I am trying to differentiate:
$p_2(u-\ln(\frac{p_2}{p_1}) +1)$ with respect to $p_2$
expanding the brackets I get $p_2u-p_2\ln(p_2)-p_2\ln(p_1)+p_2$
the answer I should be getting is $u-\ln(p_2)-\ln(p_1)$, however I am getting $u-\ln(p_2)-\ln(p_1)+1$, can someone show me where I'm going wrong please?
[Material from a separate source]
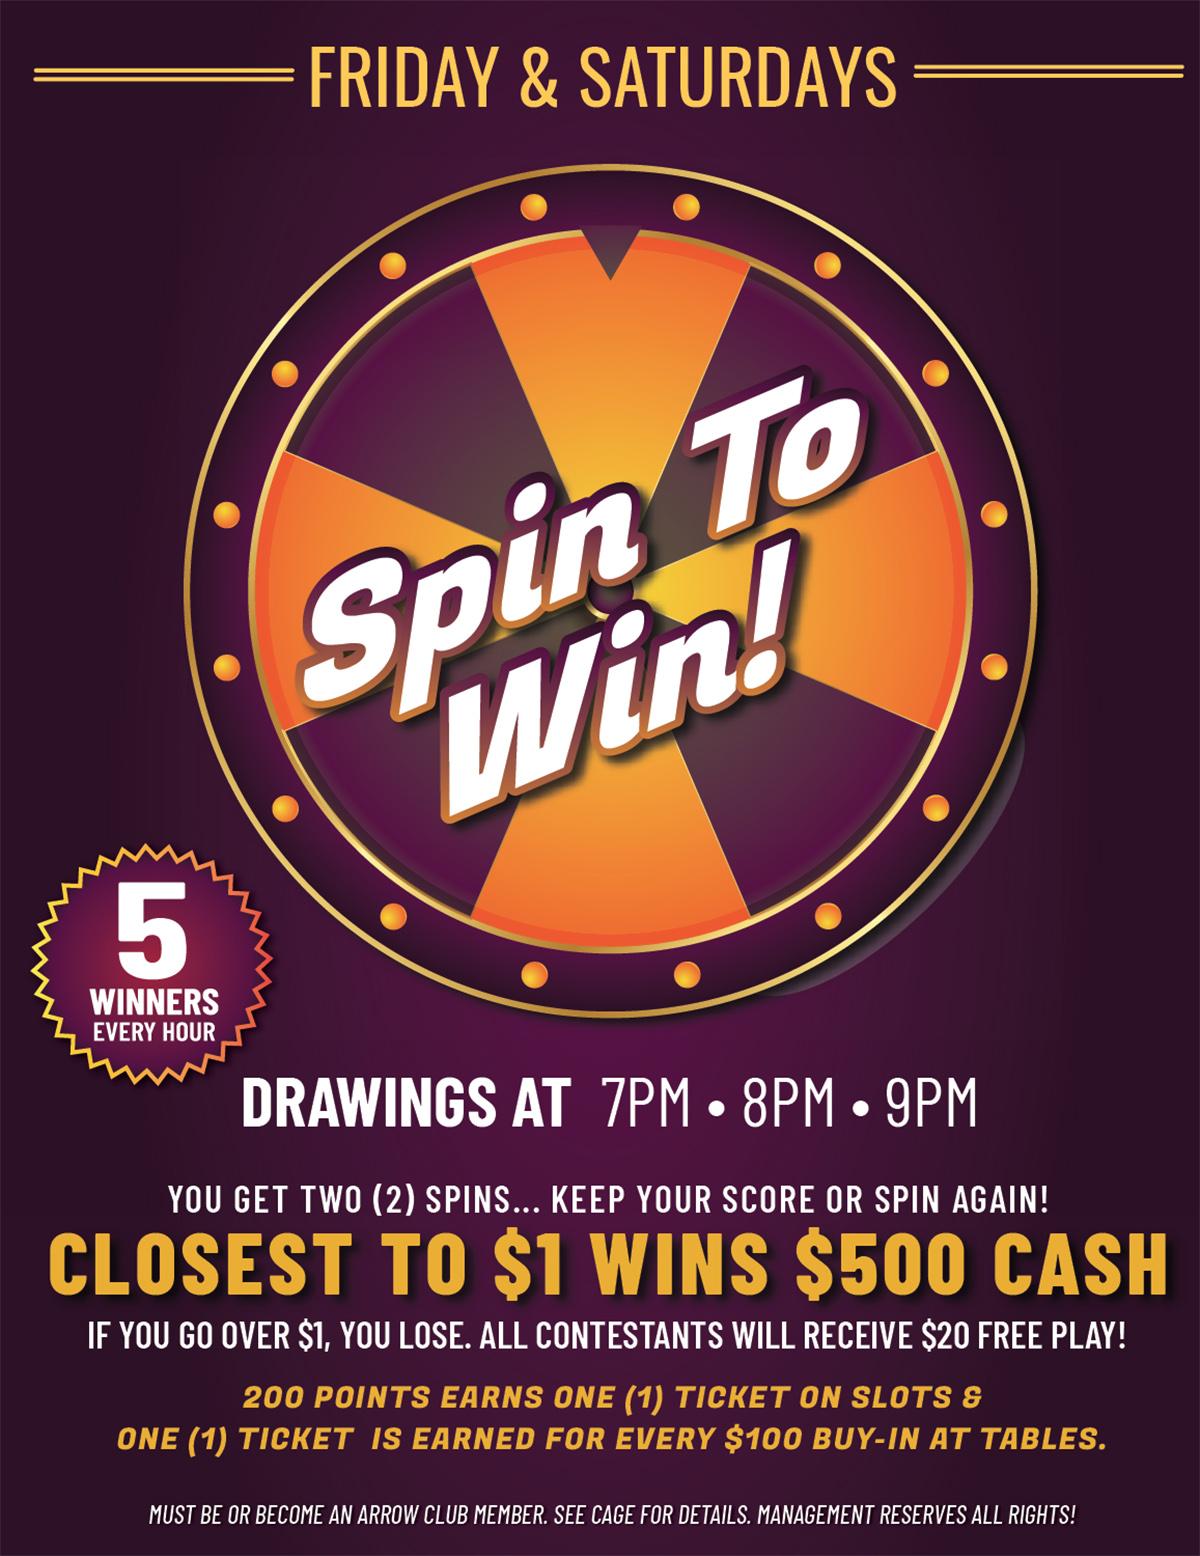 spin to win at wanaaha casino

I confirmed the result using wolframalpha too.
Kind Regards
On
When you differentiate the product of two functions you should remember that: $$\frac{d}{dx}(f(x).g(x))=f'(x)g(x)+f(x)g'(x)$$
In your case $f(p_2)=p_2$ and $g(p_2)=ln(p_2)$. So $$\frac{d}{dp_2}(p_2.ln(p_2))=ln(p_2)+ \frac{p_2}{p_2}=ln(p_2)+1$$
You should then get the answer as expected.
EDIT: there's also a problem with your expansion, maybe a typo. $$-ln(\frac{p_2}{p_1})=-(ln(p_2)-ln(p_1))=ln(p_1)-ln(p_2)$$
We get
$$\frac{\partial}{\partial p_2}p_2\left(\left(u-\ln\left(\frac{p_2}{p_1}\right)+1\right)\right) $$ $$= \frac{\partial}{\partial p_2}(p_2u-p_2\ln(p_2)-p_2\ln(p_1)+p_2) $$ $$=u -(\ln(p_2)+1)+\ln(p_1)+1$$ $$=u-\ln(p_2)+\ln(p_1)$$
Since
$$\frac{\partial}{\partial p_2}p_2\ln(p_2) = 1 \cdot \ln(p_2)+\frac{p_2}{p_2}=\ln(p_2)+1$$ by product rule.